Money-market funds, banks and other eligible financial institutions plowed $412.5 billion into a Federal Reserve overnight investment facility Friday in search of super-safe government debt at the end of the quarter, central bank data show.

Demand for the overnight repo program, which is for short-term investments formally known as repurchase agreements, has grown since the middle of September but become more elevated than usual because of sweeping changes affecting U.S. money markets.

Friday's tally is the second highest daily volume in the facility, known as the overnight RRP, since the Federal Reserve Bank of New York began testing it in 2013. The record was set Dec. 31, 2015, after the central bank lifted interest rates, at $474.6 billion.

Behind the current surge are two main factors, traders said. First, investments into the New York Fed repo facility have spiked around the end of quarters for more than a year, and this quarter has seen funding conditions that are similarly tight. That's because certain banks pull out of the repo market at quarter's end to make their balance sheets appear safer ahead of various regulatory reporting deadlines. Instead, they put their money in the super-safe Fed facility, and earn interest.

The second key driver is that money-market funds are preparing to meet new regulations by Oct. 14, with many of them preferring to convert to holding government-only securities instead of corporate debt. That's sending a majority of funds in search of U.S. Treasurys, which they receive as collateral overnight for investing in the Fed's RRP. Often in the open market, the shortest Treasury debt, or bills, earns them a lower interest rate than the 0.25% they get in the RRP.

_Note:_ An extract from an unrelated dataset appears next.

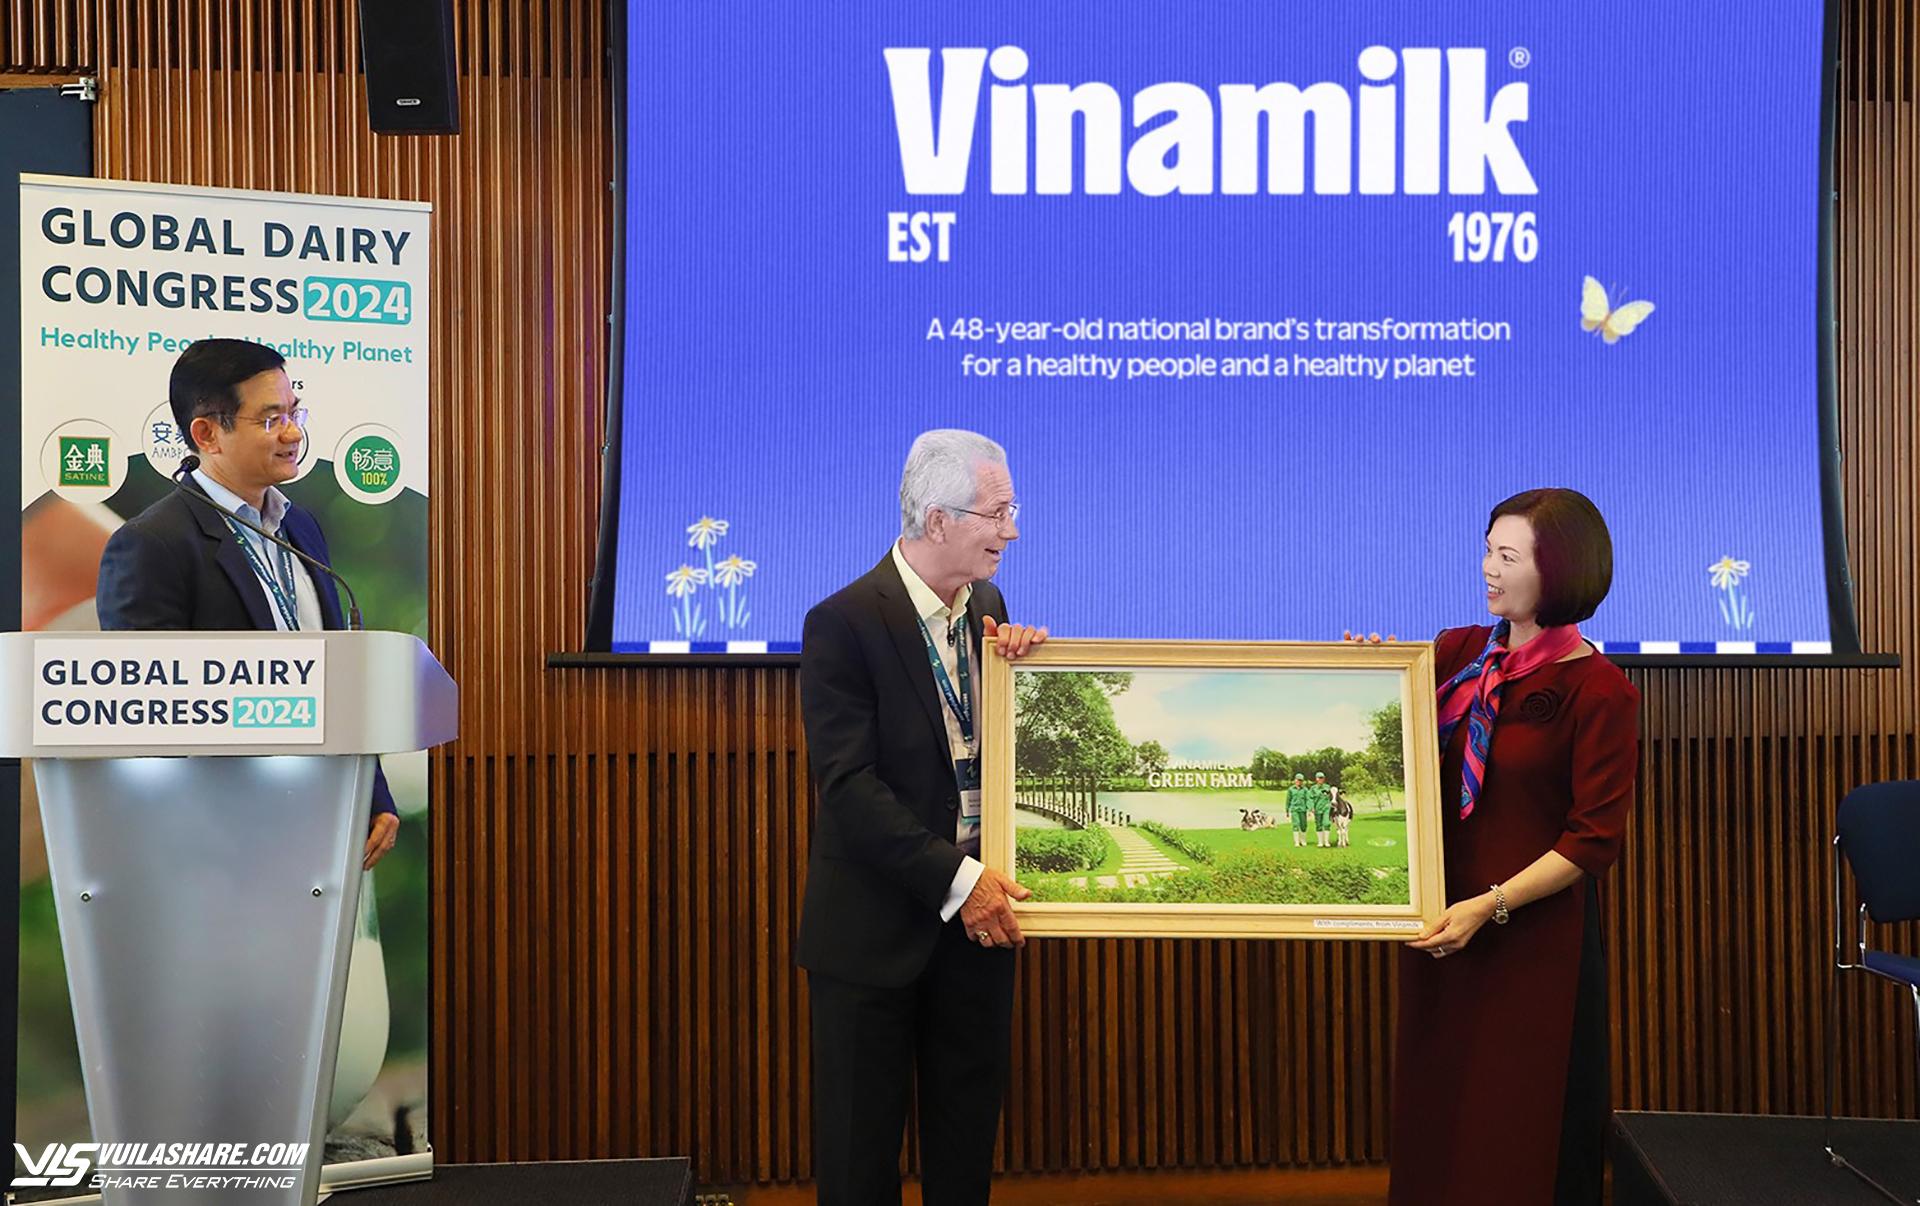 Đại diện Vinamilk trao tặng bức tranh trang trại Green Farm của Vinamilk đến chủ tịch hội nghị sữa toàn cầu - ông Richard Hall (bên trái)

Combined, the result of these factors is that more dollars are flowing into the New York Fed repo program and less cash is available to finance securities portfolios across Wall Street. That in turn is sending borrowing costs higher for broker dealers, and indirectly for leveraged investors like hedge funds. On Friday, overnight repo loans backed by Treasurys cost around 0.90%, according to J.P. Morgan Chase & Co., roughly double what they were earlier in the month.

Write to Katy Burne at katy.burne@wsj.com

 

(END) Dow Jones Newswires

September 30, 2016 14:35 ET (18:35 GMT)

Copyright (c) 2016 Dow Jones & Company, Inc.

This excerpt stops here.